RELATED INFORMATIONS
- 1. As shown in the figure, in △ ABC, AC = BC, ∠ ACB = 90 °, D is a point in △ ABC, ∠ bad = 15 °, ad = AC, CE ⊥ ad in E, and CE = 5 (1) Find the length of BC; (2) Confirmation: BD = CD
- 2. As shown in the figure, △ ABC is an equilateral triangle, and ad = be = CF, is △ def an equilateral triangle? Write it out in 20 minutes,
- 3. As shown in the figure, in △ ABC, the angular bisectors ad, be and CF intersect at point h, passing through point h as Hg ⊥ AC, and the foot perpendicular to g, then ∠ ahe = ∠ CHG? Why?
- 4. It is known that AD and AE are the angular bisector and height of triangle ABC respectively, ∠ B = 50 °, ead = 10 ° and ∠ C=____
- 5. It is known that, as shown in the figure, in △ ABC, ad and AE are the bisectors of the height and angle of △ ABC respectively, if ∠ B = 30 ° and ∠ C = 50 ° (1) Find the degree of ∠ DAE; (2) What is the relationship between ∠ DAE and ∠ C - ∠ B? (no need to prove)
- 6. It is known that, as shown in the figure, △ ABC is an equilateral triangle, AE = CD, BQ ⊥ ad at Q, be crossing ad at point P, Confirmation: BP = 2pq
- 7. As shown in the figure, in the triangle ABC, ∠ 1 = ∠ 2, G is the midpoint of AD, lengthening BG intersecting AC with E.F is a point on AB, CF ⊥ ad is in H (1) Ad is the angular bisector of the triangle Abe; (2) Be is the center line on the side ad of the triangle abd; (3) Ch is the height on the edge ad of the triangle ACD A. 1 B. 2 C. Three D. 0
- 8. As shown in the figure, △ ABC is an equilateral triangle, and points D, e and F are points on the segments AB, BC and Ca respectively, (1) If ad = be = CF, is △ def an equilateral triangle? Try to prove your conclusion; (2) If △ DEF is an equilateral triangle, is ad = be = CF true? Try to prove your conclusion
- 9. Let d be a point on the edge BC of △ ABC, and AB2 = ad2 + BD × DC
- 10. As shown in the figure, the vertex angle of the isosceles △ ABC is 50 ° and ab = AC. taking AB as the diameter, make a semicircle and intersect BC at point D and AC at point E BD、 De and The degree of the center angle to which AE is directed
- 11. As shown in the figure, in △ ABC, ad bisects ∠ BAC to BC to D, be ⊥ AC to e, and ad to F. it is proved that ∠ AFE = 1 2(∠ABC+∠C).
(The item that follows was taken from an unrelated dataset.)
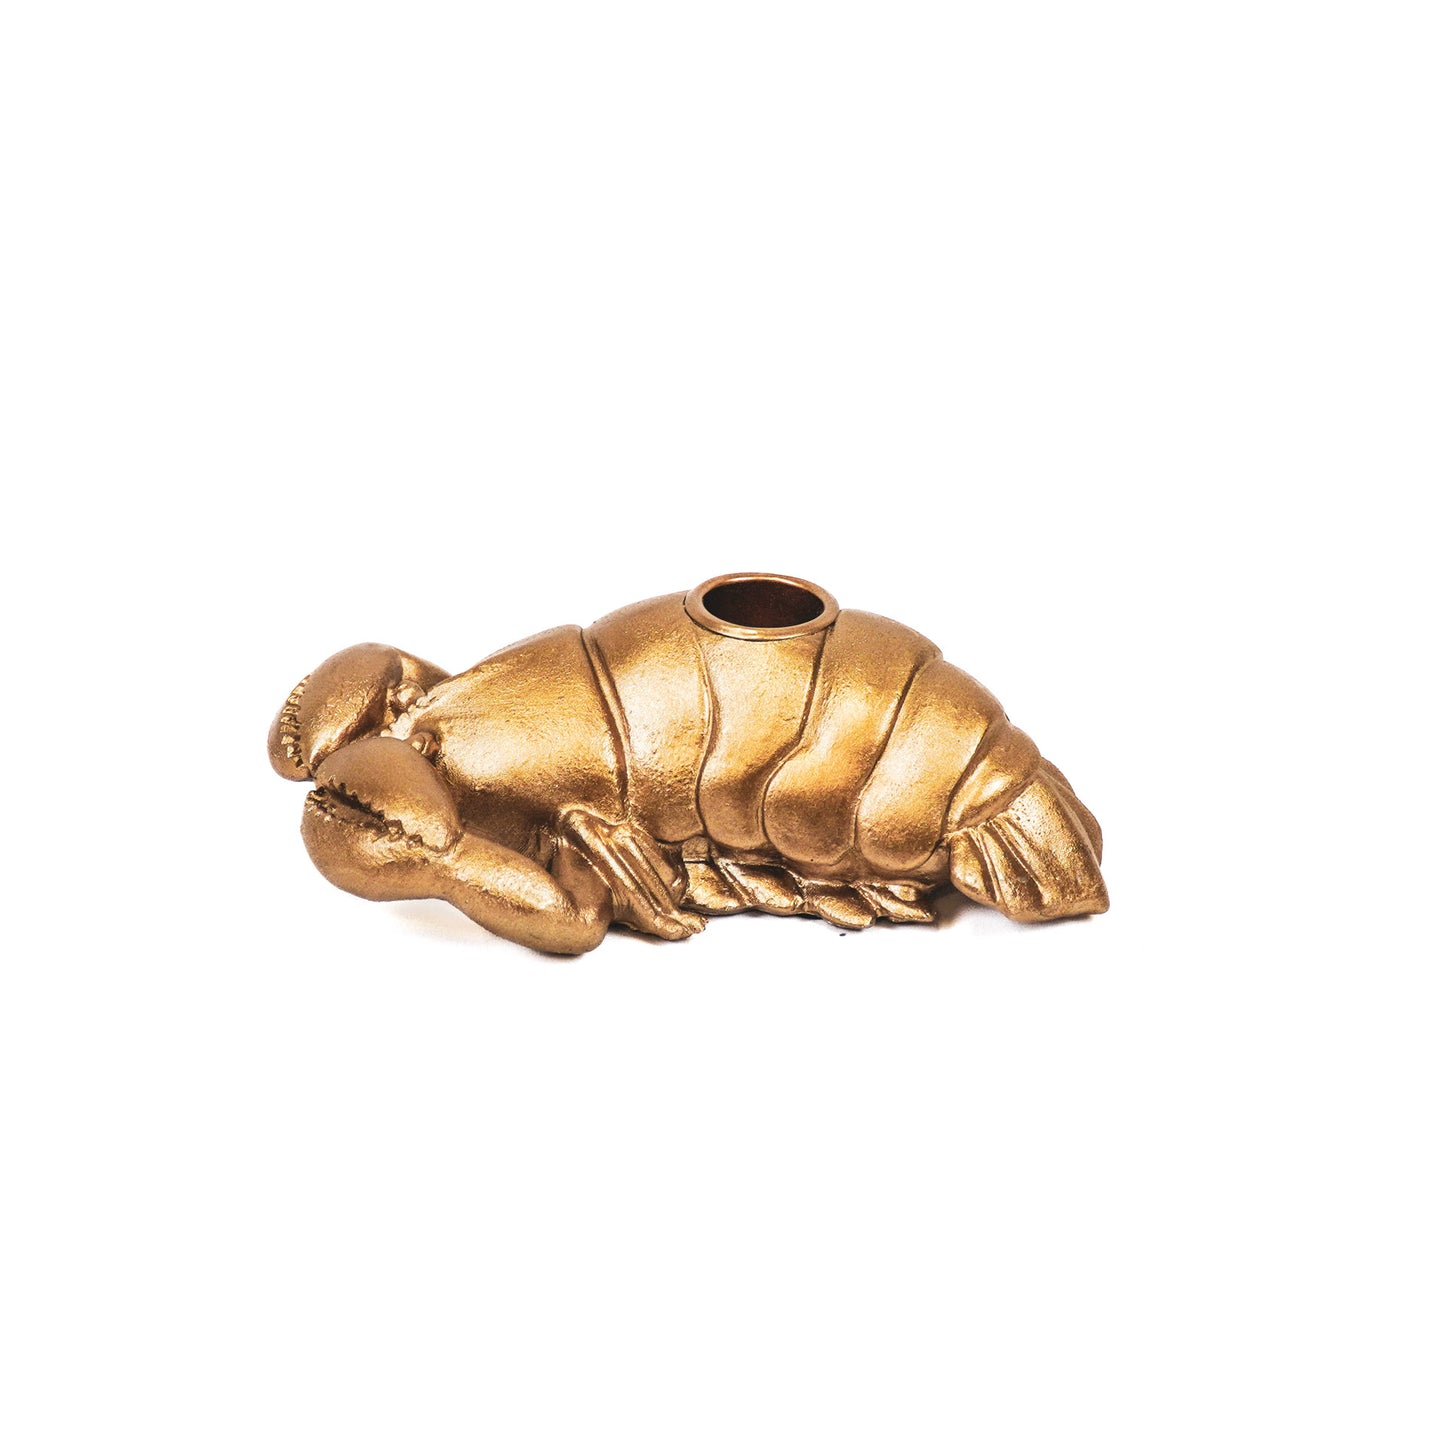 HV Lobster Candle holder - Gold - 16x10x5cm

- 12. Let us know that the triangle ABC, D is a point on BC, e is a point on AC, and BD = CE, connect ad, BD, intersect with point F, and find the degree of angle AFE
- 13. 0
- 14. As shown in the figure, in △ ABC, ab = AC, ad ⊥ BC is at point D, de ∥ AB intersects AC at point E. is △ ade an isosceles triangle? Why?
- 15. As shown in the graph, △ ABC, ab = AC, points D, e, f are on edges BC, AB, AC respectively, and BD = CF, ∠ EDF = ∠ B, is there any triangle congruent with △ BDE in the graph? And explain the reason
- 16. As shown in the figure, points a, B and E are on the same straight line, △ ABC and △ BDE are equilateral triangles. Ad intersects BC at f and CE intersects BD with AD at g and h respectively
- 17. As shown in the figure, △ ABC is an isosceles right triangle, ∠ ACB = 90 ° and ad is the center line on the side of BC. Through C, the vertical line of ad is made, which intersects AB at point E and ad at point F. it is proved that ∠ ADC = ∠ BDE
- 18. In the triangle ABC, points D, e, f are the midpoint of sides BC, Ca and ab respectively. Then AB + AD + BC + be + CF (all vectors)=
- 19. In △ ABC, it is known that BD and CF are high, M is the midpoint of BC, and N is the midpoint of DF Yes,
- 20. In the triangle ABC, D is a point on the edge of AB, and vector ad = 2 vector dB, vector CD = 1 / 3 vector Ca + n vector CB, then n What is the value of N?